Para Wali: Dakwah dengan Jiwa Jawa
Islam berkembang pesat ketika muncul Wali Songo, sembilan tokoh dakwah yang memahami satu hal penting: Jawa tidak bisa diubah dengan paksaan.
-
Sunan Ampel adalah pendidik. Ia mendirikan pesantren, membentuk kader dakwah, dan menanamkan akidah dengan disiplin. Wataknya tegas, berwibawa, dan berpikir jauh ke depan.
-
Sunan Bonang, murid Sunan Ampel, memilih jalur seni. Ia menggunakan gamelan dan tembang. Nada-nada Jawa diisi makna tauhid. Dakwahnya halus, menyentuh perasaan.
-
Sunan Kalijaga adalah jembatan budaya. Ia tidak menolak wayang, tetapi mengislamkan maknanya. Tokoh Pandawa dijadikan simbol akhlak, dan lakon Mahabharata diisi nilai tauhid. Ia sabar, rendah hati, dan sangat memahami jiwa rakyat kecil.
-
Sunan Kudus bijak dalam toleransi. Ia melarang penyembelihan sapi di Kudus demi menghormati pemeluk Hindu. Dakwahnya mengajarkan bahwa Islam datang untuk merangkul, bukan melukai.
Islam dan Runtuhnya Majapahit
Saat Majapahit melemah karena konflik internal, Islam telah tumbuh kuat di pesisir. Namun runtuhnya Majapahit bukan karena penaklukan Islam, melainkan karena perpecahan politik. Islam justru menjadi alternatif tatanan baru yang menawarkan keadilan dan persaudaraan.
Dari keturunan Majapahit sendiri lahir Raden Patah, yang kelak mendirikan Kesultanan Demak, kerajaan Islam pertama di Jawa. Dengan bimbingan para wali, Demak berdiri sebagai simbol peralihan zaman—dari kerajaan berbasis kasta menuju masyarakat yang lebih egaliter.

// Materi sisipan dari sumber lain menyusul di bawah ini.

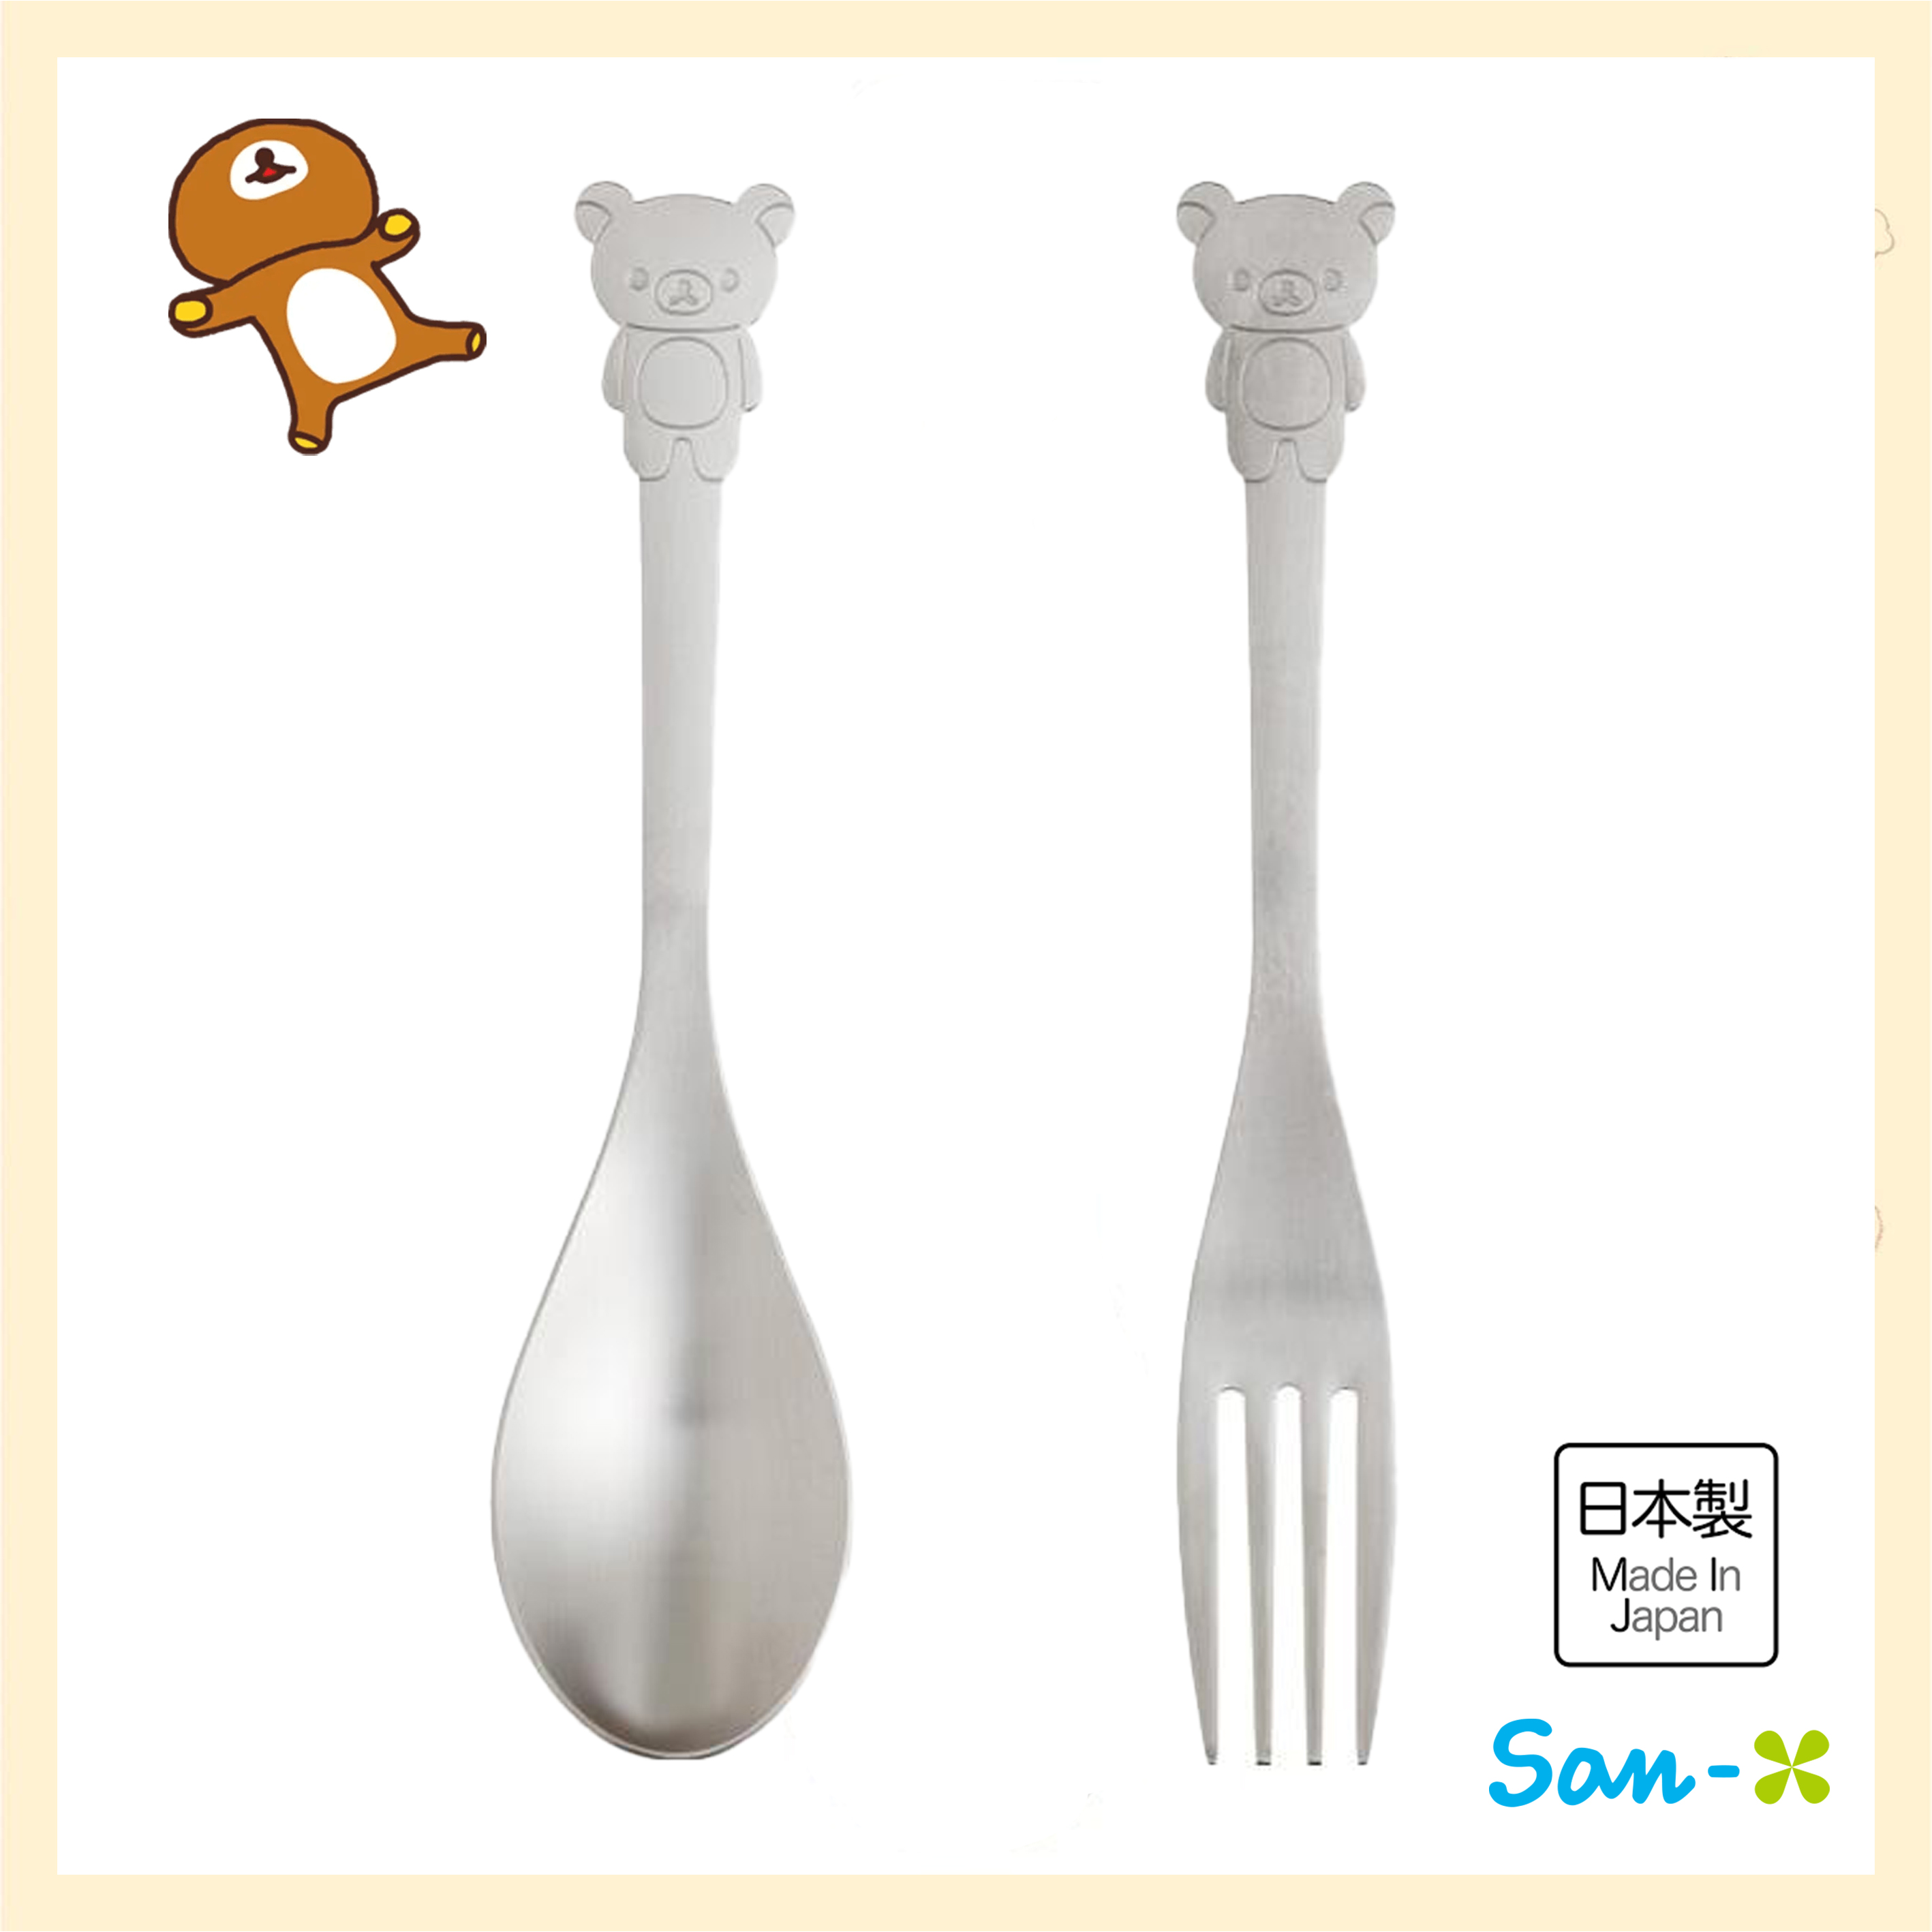 不鏽鋼湯匙&叉子-拉拉熊 Rilakkuma san-x 日本進口正版授權

Masjid Demak: Simbol Peralihan
Didirikannya Masjid Agung Demak menjadi tonggak penting. Tiangnya (saka guru) konon dibuat dari kayu sederhana, melambangkan bahwa Islam berdiri di atas kebersamaan, bukan kemewahan. Di masjid inilah dakwah, musyawarah, dan pendidikan berlangsung.
Islam di Jawa tidak memutus masa lalu, melainkan menyaringnya. Selamatan, kenduri, dan tradisi lokal diberi ruh baru berupa doa kepada Allah. Inilah wajah Islam Nusantara: tauhid yang menyatu dengan budaya.
Makna Sejarah Masuknya Islam ke Jawa
Masuknya Islam ke Jawa mengajarkan bahwa:
-
Perubahan besar bisa terjadi dengan cara damai
-
Dakwah yang efektif lahir dari pemahaman budaya
-
Akhlak lebih kuat daripada kekuatan senjata
-
Islam di Jawa tumbuh sebagai agama sekaligus peradaban
Hingga hari ini, jejak para wali masih hidup—dalam tradisi, masjid, pesantren, dan sikap moderat umat Islam Jawa. Islam tidak datang sebagai tamu asing, tetapi sebagai tamu yang akhirnya menjadi tuan rumah di hati rakyat.